Men and women were well matched for age and body mass index, but men were taller and heavier, with android distribution of body fat (Table 1). Absolute excretion rates of urinary cortisol metabolites tended to be higher in men (Table 2). This was attributable principally to lower excretion of 5-reduced and 5ß-reduced metabolites of cortisol in women. Excretions of cortisol, cortisone, and tetrahydrocortisone were not different. Excretion of androgen metabolites also tended to be higher in men, accounted for by a trend toward lower excretion of 5-reduced metabolites in women.

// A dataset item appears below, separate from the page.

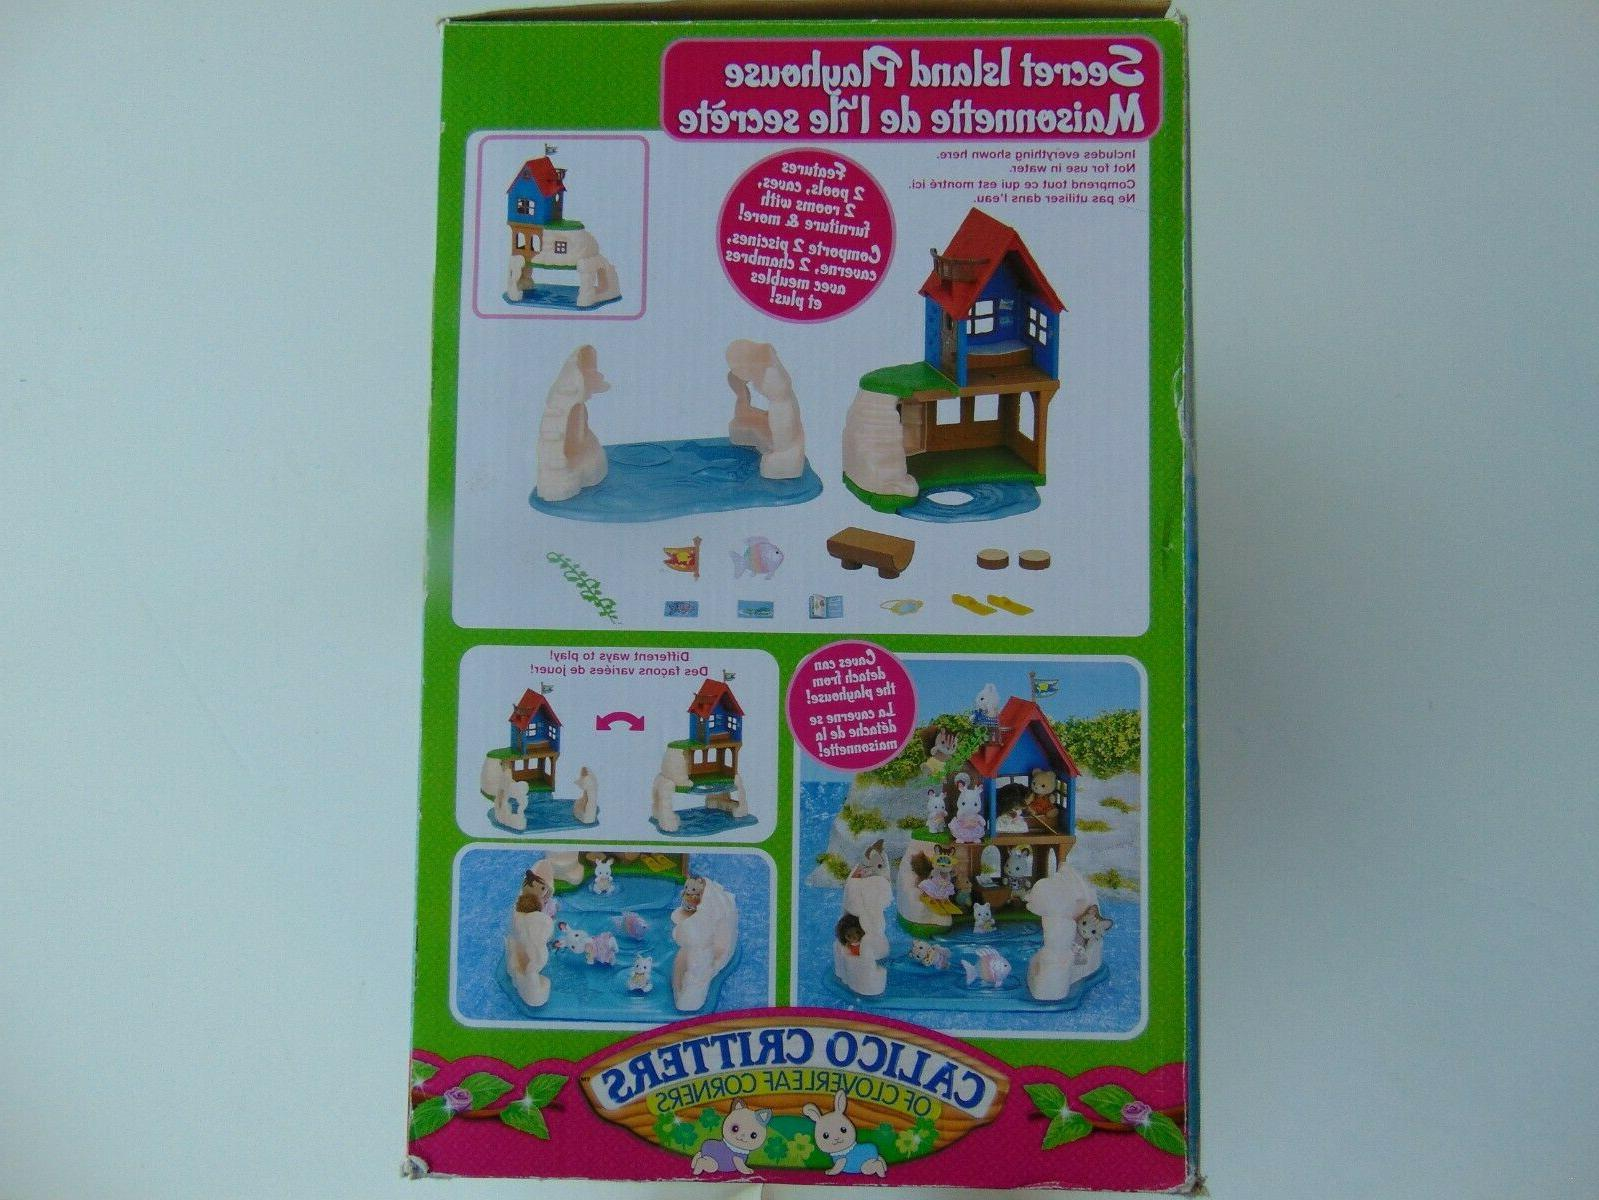 secret island playhouse brand new factory sealed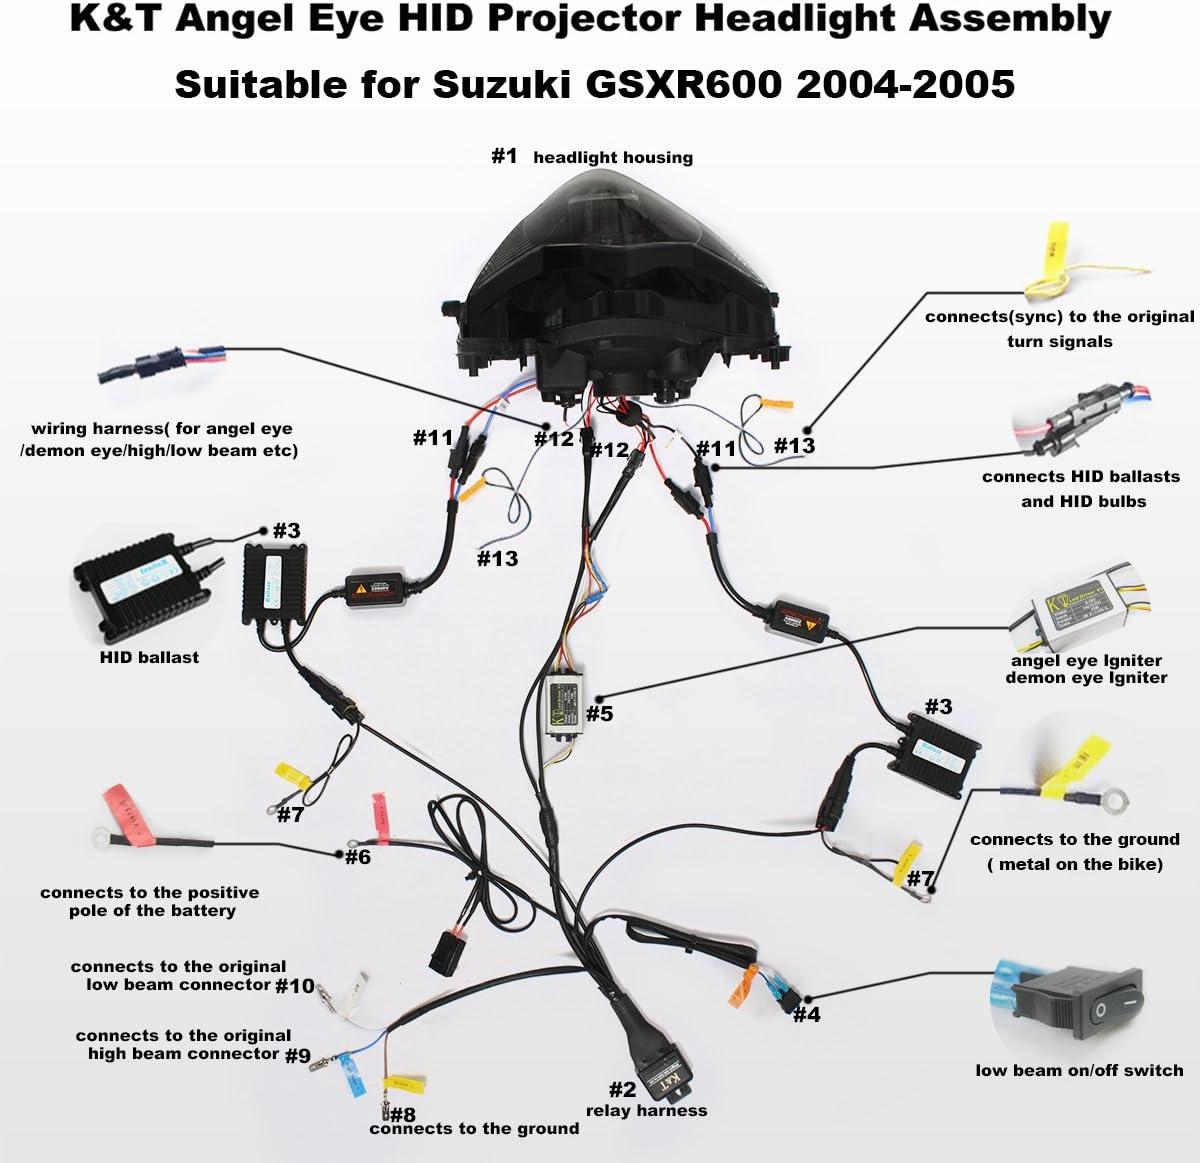 Amazon.com: KT LED Angel Eye Headlight Assembly for Suzuki GSXR600 GSX-R600  2004-2005 Red Demon Eye: Automotive [ 1165 x 1200 Pixel ]

Plasma cortisol after overnight dexamethasone suppression was not different between men and women (Table 3). The rise in plasma cortisol after oral cortisone administration is shown in Fig. 2. The rate of rise, maximum plasma cortisol, and area under the curves did not differ between men and women. However, the peak cortisol occurred earlier in men than women, apparently because cortisol was cleared from plasma more quickly in men.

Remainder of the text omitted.